Write the listing below out again word for word, without a single picture.

Collected data:

↓

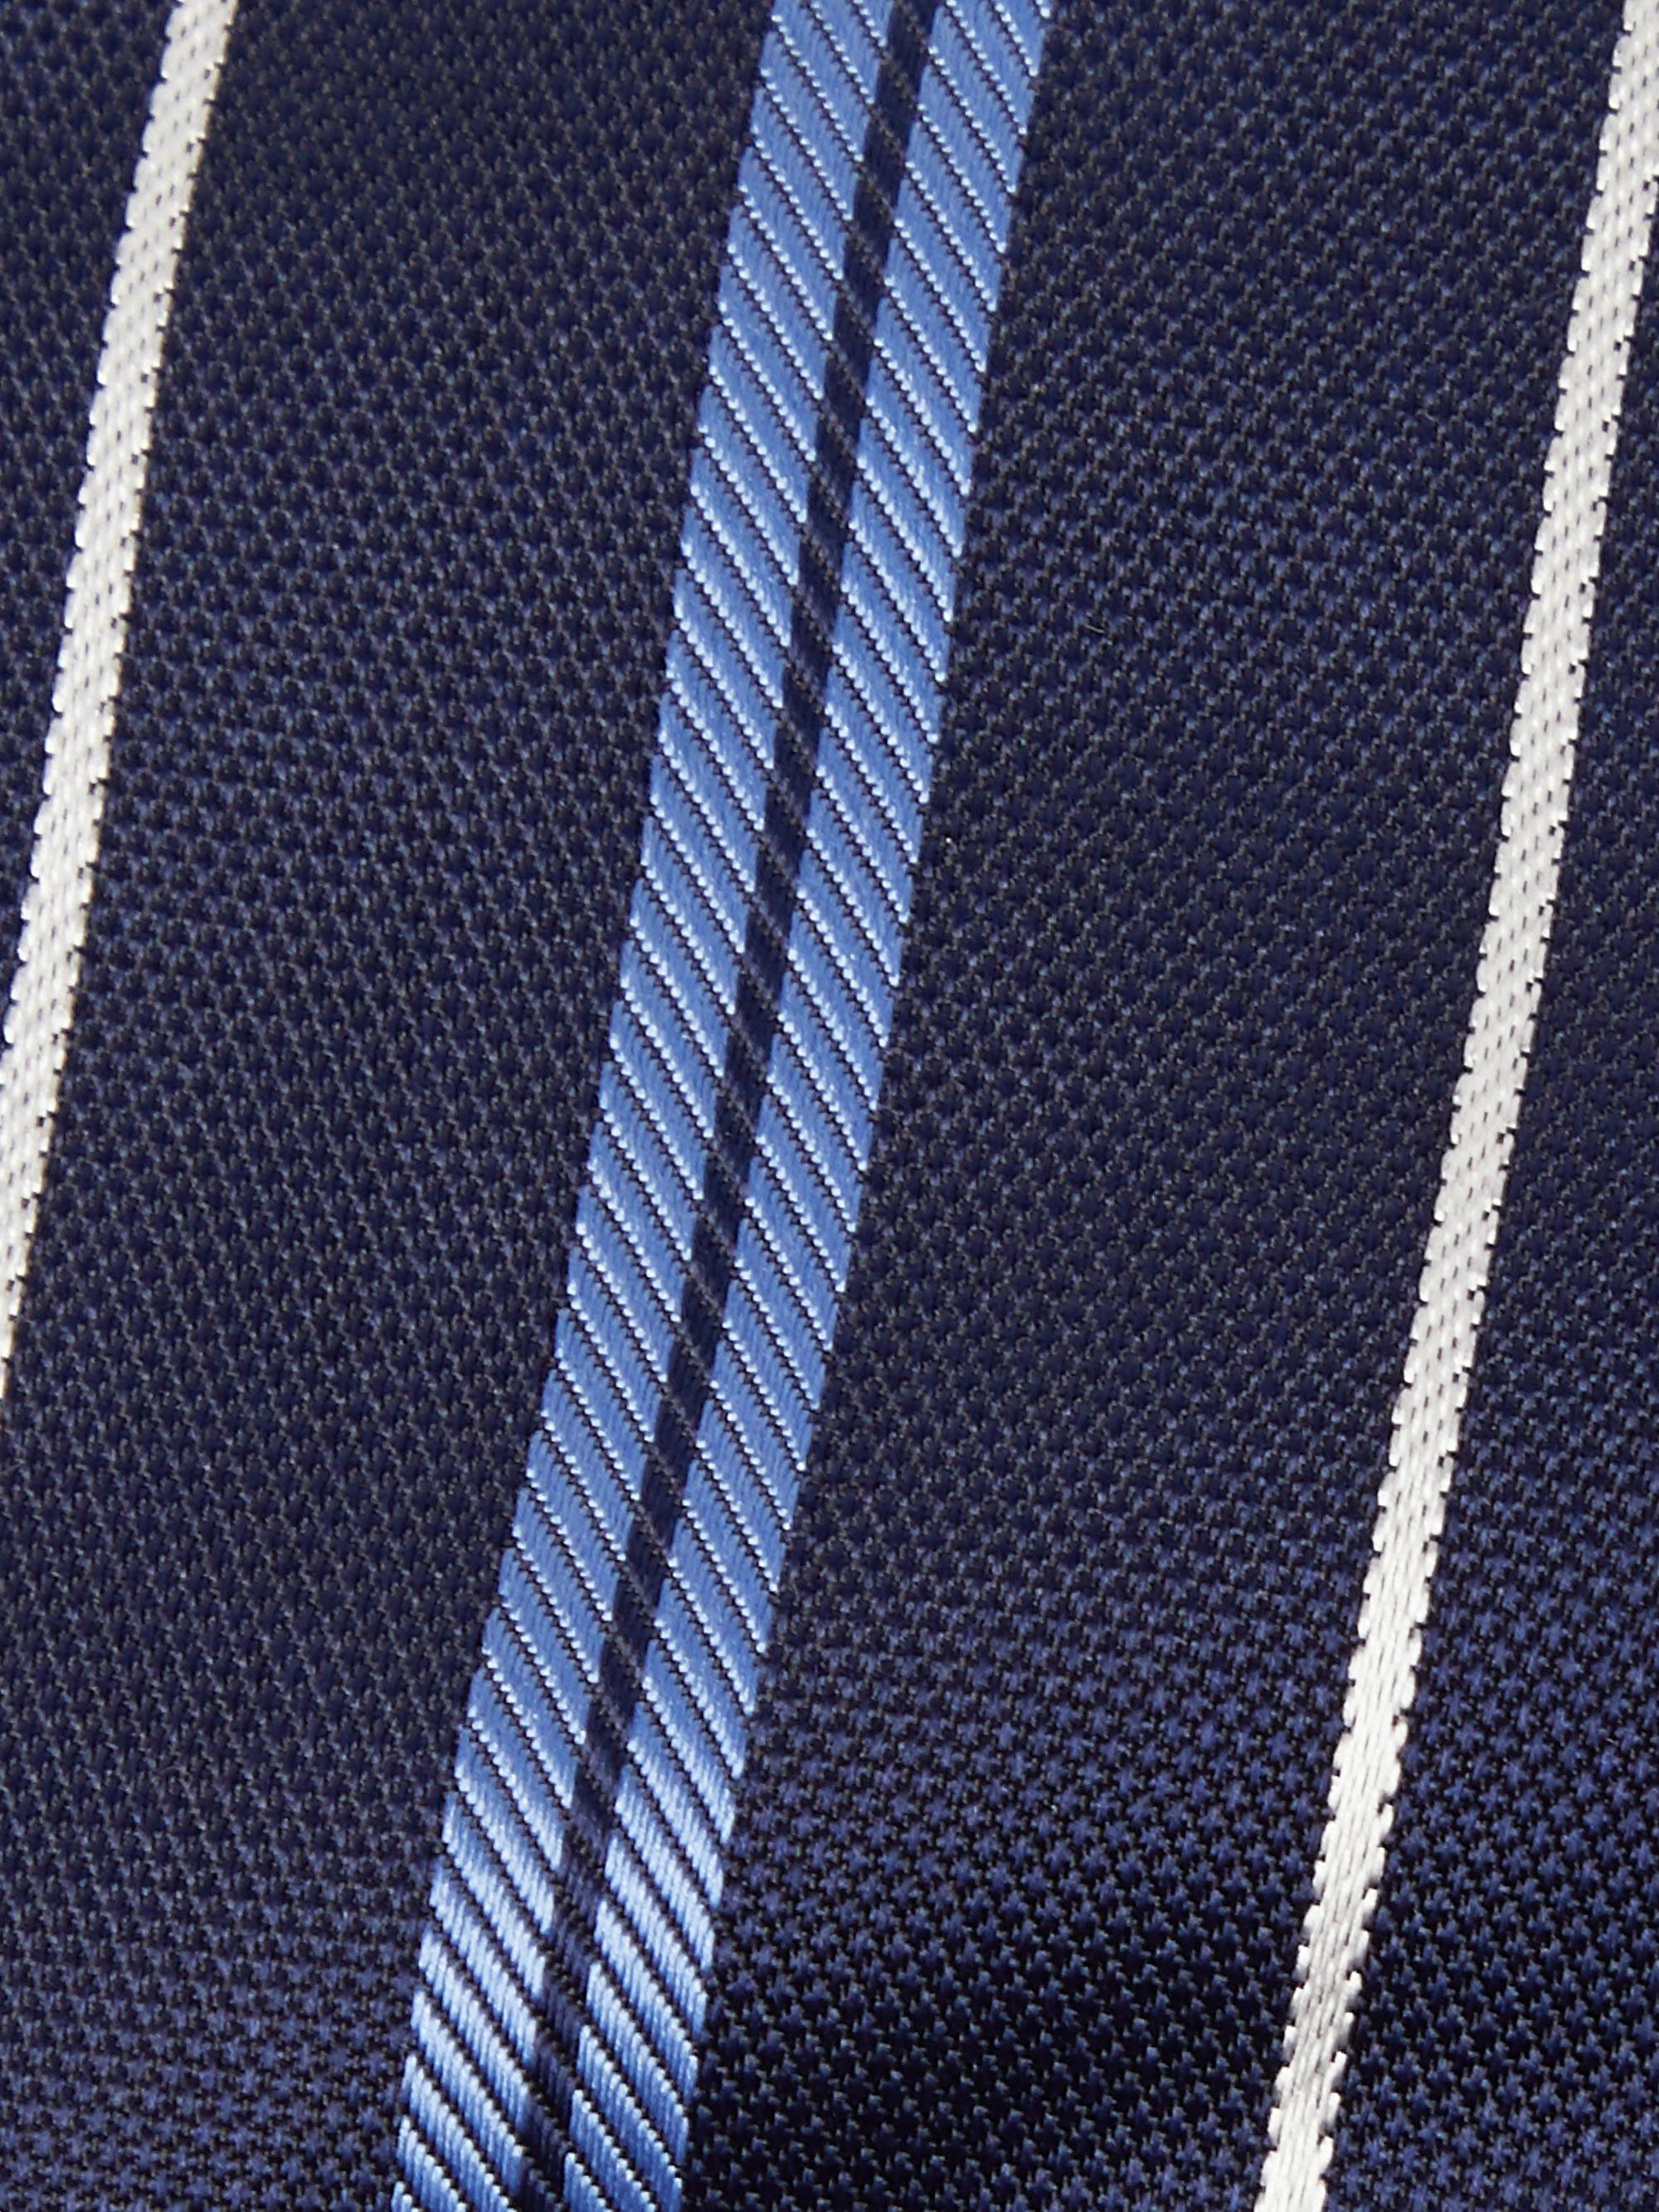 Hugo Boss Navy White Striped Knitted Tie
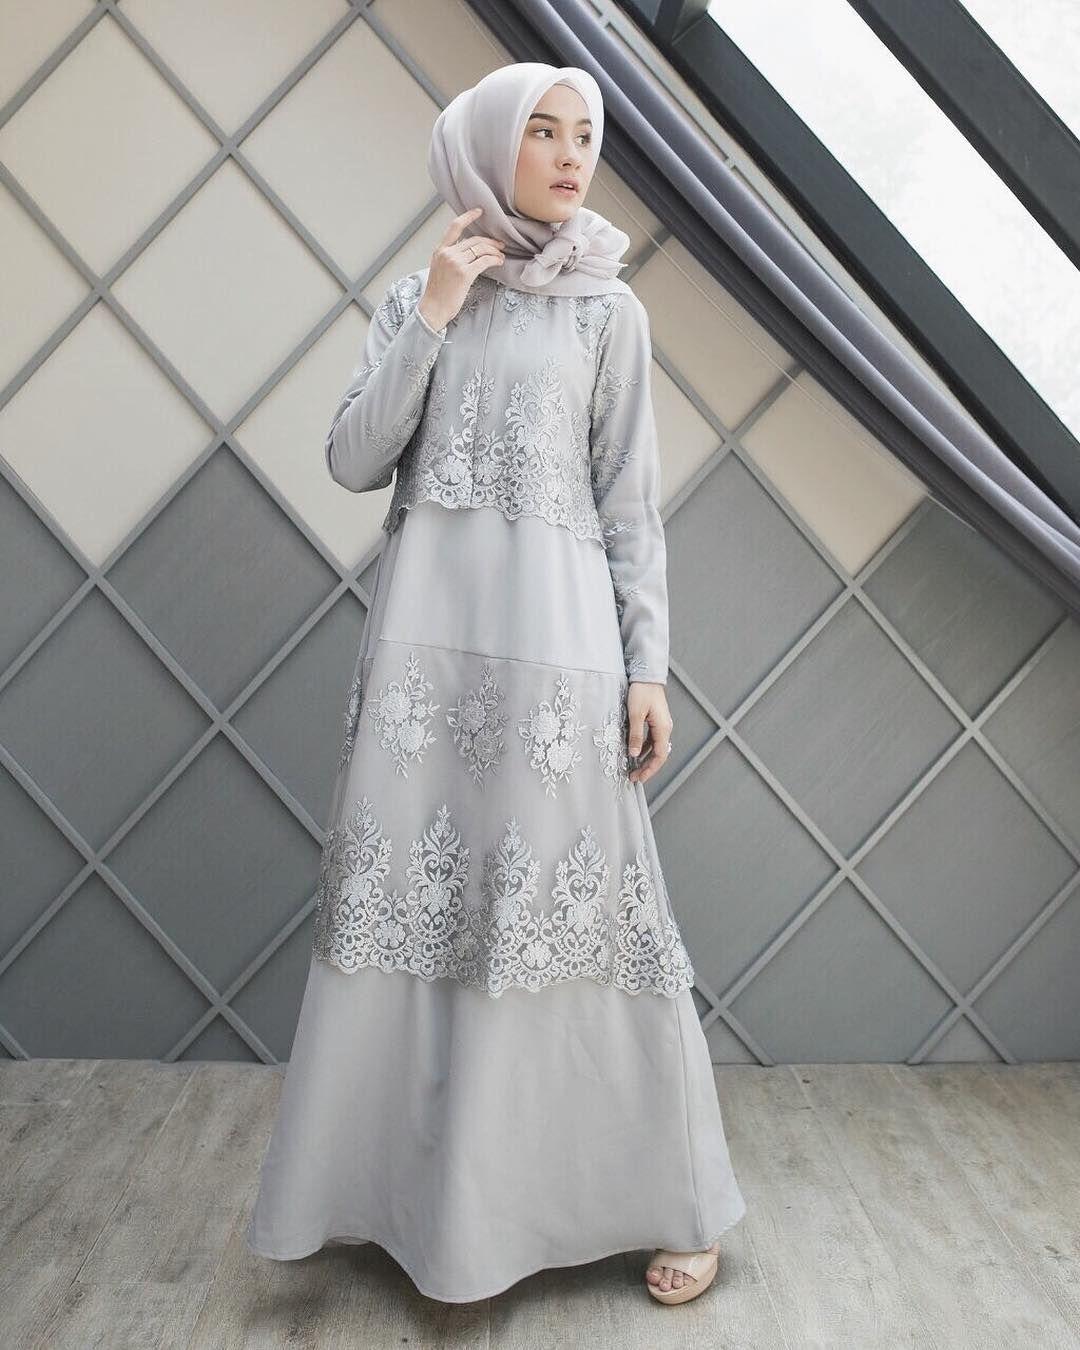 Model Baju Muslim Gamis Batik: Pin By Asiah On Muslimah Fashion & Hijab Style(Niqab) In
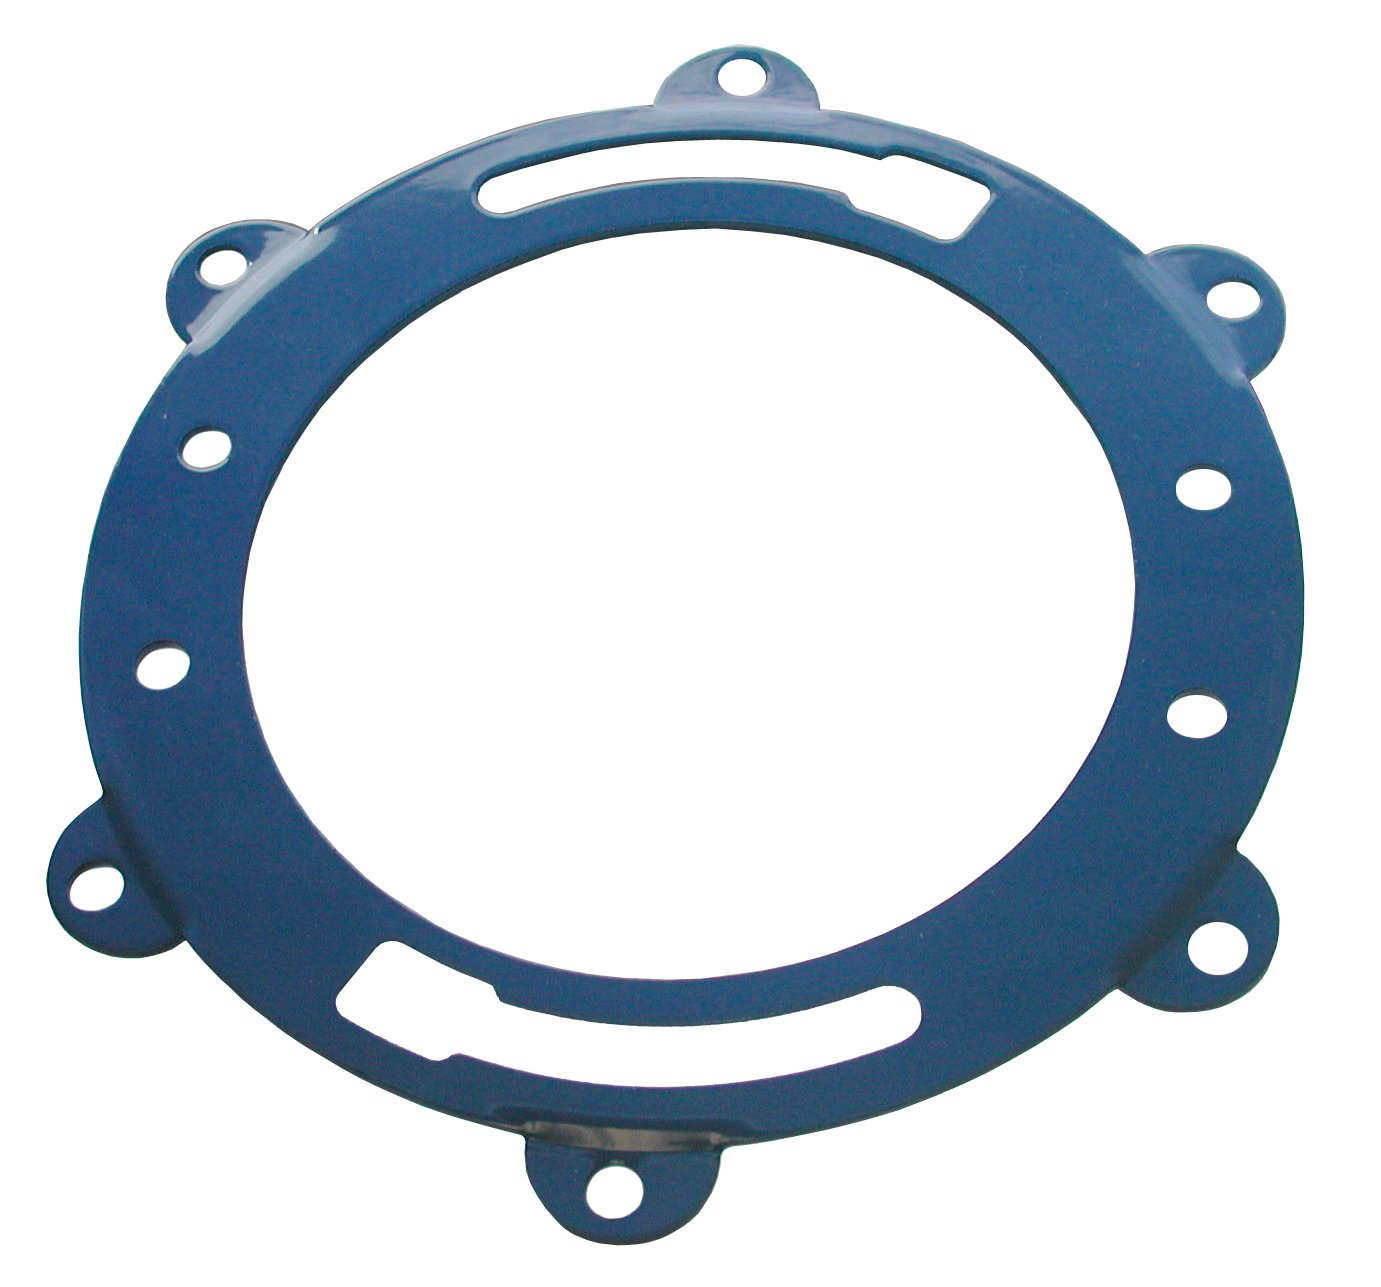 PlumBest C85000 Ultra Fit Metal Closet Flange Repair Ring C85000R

↑

Exercise output:
 Hugo Boss Navy White Striped Knitted Tie
 Model Baju Muslim Gamis Batik: Pin By Asiah On Muslimah Fashion & Hijab Style(Niqab) In
 PlumBest C85000 Ultra Fit Metal Closet Flange Repair Ring C85000R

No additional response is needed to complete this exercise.